_WORK INSTRUCTION_
The expected output is the data below, restated word for word.

**** DATASET CONTENT

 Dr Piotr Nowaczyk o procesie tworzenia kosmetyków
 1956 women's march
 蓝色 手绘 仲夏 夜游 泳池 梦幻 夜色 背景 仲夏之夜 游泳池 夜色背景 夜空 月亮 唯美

********

_RESPONSE FOR THIS EXERCISE_
 Dr Piotr Nowaczyk o procesie tworzenia kosmetyków
 1956 women's march
 蓝色 手绘 仲夏 夜游 泳池 梦幻 夜色 背景 仲夏之夜 游泳池 夜色背景 夜空 月亮 唯美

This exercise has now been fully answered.